That's generally the way I approach our projects. I always try different things out. I just made a head to toe all-over Spiderman printed suit for a guy. The artwork didn't match up very well in some places as I did not draft that pattern, it was purchased on the net and drafted by a non-drafter. It worked out quite well really. It pushed our envelope, so to speak! I will post a picture when I get one. I'm still waiting!

Good luck!


----------



## GLC (Jun 3, 2007)

Wow Thanks Susan, 

That was enlightening. What a joy to be back on the forum.

I'm completely sold on the wide format sublimation side of things now. I've been throwing this over in my mind for ages now. I was preparing to make a purchase for a Richo but my breaks are on know, It seems that with the setup you have the options are almost limitless ... almost and sounds like theres fun to be had as well.

How do you deal with the wide format sublimation paper side of things. Are there many suppliers in the U.S??? I'm in the UK so I'm not sure on availability over here.

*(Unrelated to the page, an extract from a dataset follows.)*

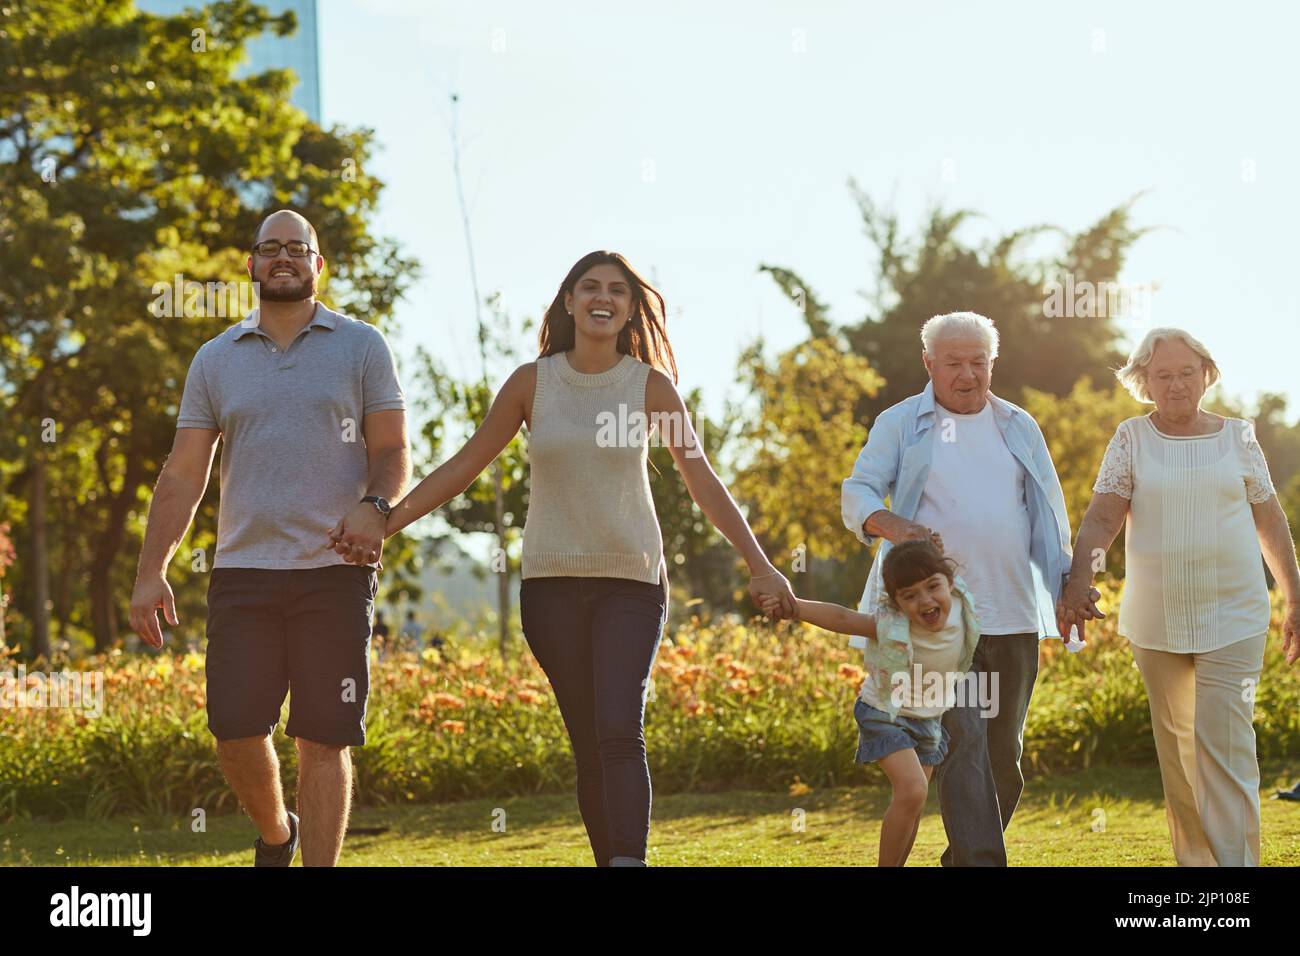 La famille, rien de plus vrai. Une famille heureuse allant pour une promenade ensemble dans le parc. Banque D'Images

Did you convert your printer to sublimation or purchase it like that? How easy will it be to convert an epson that may have already been using the standard inks?


My apologies for the wave of questions.


Many Thanks


Ezekiel


----------



## JaeAmera (Dec 25, 2006)

Converting an Epson (new or existing) isn't difficult. New is better as no cleaning will be necessary. Simply load up your inks and the rest is software and profiling.

Dye-Sub paper in the U.S is widely available.

Yes....wide format is alot of fun (at least for us). You can always go smaller with bigger but you can't go bigger with smaller.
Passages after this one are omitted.